La recente pubblicazione di un bando da 1,4 milioni di euro da parte della Presidenza del Consiglio dei Ministri, destinato a progetti celebrativi di figure di spicco nella storia italiana, ha riacceso un acceso dibattito sulle modalità di commemorazione del passato e sui confini etici della celebrazione pubblica.
In particolare, l’inclusione di Giovanni Gentile, figura controversa e ministro dell’Istruzione durante il Ventennio fascista, ha suscitato profonda indignazione e solleva interrogativi cruciali sulla memoria storica e il rispetto per le minoranze linguistiche.
La scelta, come anticipato da fonti informative, appare particolarmente insensibile alla luce di precedenti episodi, come la polemica suscitata l’anno scorso dalla progettazione di un francobollo celebrativo, che avevano già evidenziato la delicatezza del tema.
La senatrice Julia Unterberger, presidente del Gruppo per le Autonomie, ha espresso con fermezza il suo disappunto, sottolineando l’incongruenza di onorare una figura centrale nella realizzazione di una politica di italianizzazione forzata che ha avuto conseguenze devastanti sul territorio sudtirolese.
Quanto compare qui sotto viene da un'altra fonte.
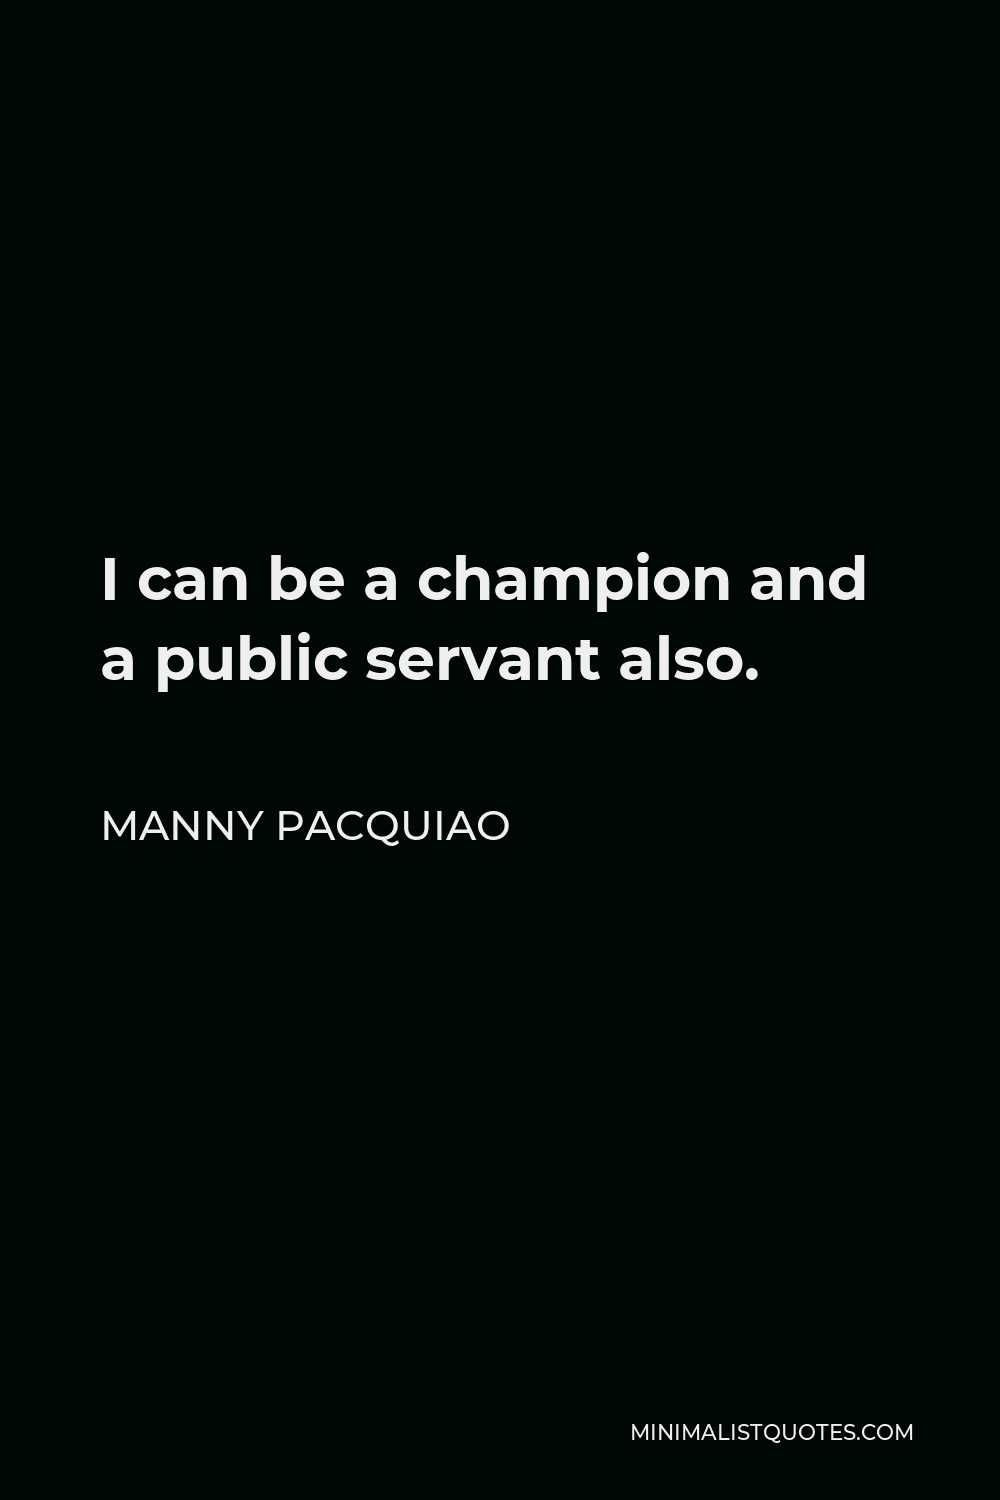 Manny Pacquiao Quote - I can be a champion and a public servant also.

La riforma gentileana, più che una semplice riforma scolastica, rappresentò uno strumento ideologico volto all’assimilazione culturale e linguistica, con un impatto diretto e doloroso sulla comunità germanofona del Sudtirolo.
L’imposizione dell’italiano come unica lingua di insegnamento, con il divieto di utilizzo del tedesco, comportò la deprivazione di un intero segmento della popolazione dall’accesso alla propria lingua madre, un diritto fondamentale alla propria identità culturale.
Questo atto di oppressione linguistica diede origine a una rete clandestina di scuole, le cosiddette *Katakombenschulen*, luoghi di resistenza silenziosa dove insegnanti, prevalentemente donne, rischiando la propria libertà e la propria vita, mantennero viva la fiamma dell’istruzione in tedesco.
Queste donne, figure eroiche e spesso dimenticate, subirono persecuzioni, arresti e, in alcuni casi, la morte nelle carceri fasciste, incarnando la resilienza e la determinazione di un popolo che si rifiutava di rinunciare alla propria identità.
È innegabile che Giovanni Gentile rappresenti una figura complessa, meritevole di analisi storico-filosofica approfondite.
Il suo pensiero, che intreccia idealismo e pragmatismo, offre spunti di riflessione rilevanti per la comprensione del pensiero politico italiano del Novecento.
Tuttavia, sussiste una differenza abissale tra l’indagine storiografica, che mira alla comprensione critica del passato, e la celebrazione acritica, che rischia di banalizzare le sofferenze e le ingiustizie subite.
Includere una figura come Gentile in una lista di “italiani illustri” si configura non solo come una mancanza di sensibilità nei confronti della comunità sudtirolese, ma anche come un affronto alla memoria delle vittime del fascismo e un potenziale ostacolo alla costruzione di una memoria collettiva autentica e inclusiva.
La celebrazione del passato non dovrebbe mai prescindere da un’attenta riflessione etica e da un profondo rispetto per la dignità di ogni individuo e di ogni comunità.
Il dibattito sollevato da questa iniziativa rappresenta un’opportunità per riaffrontare il tema della memoria storica e per definire i limiti, imprescindibili, della celebrazione pubblica.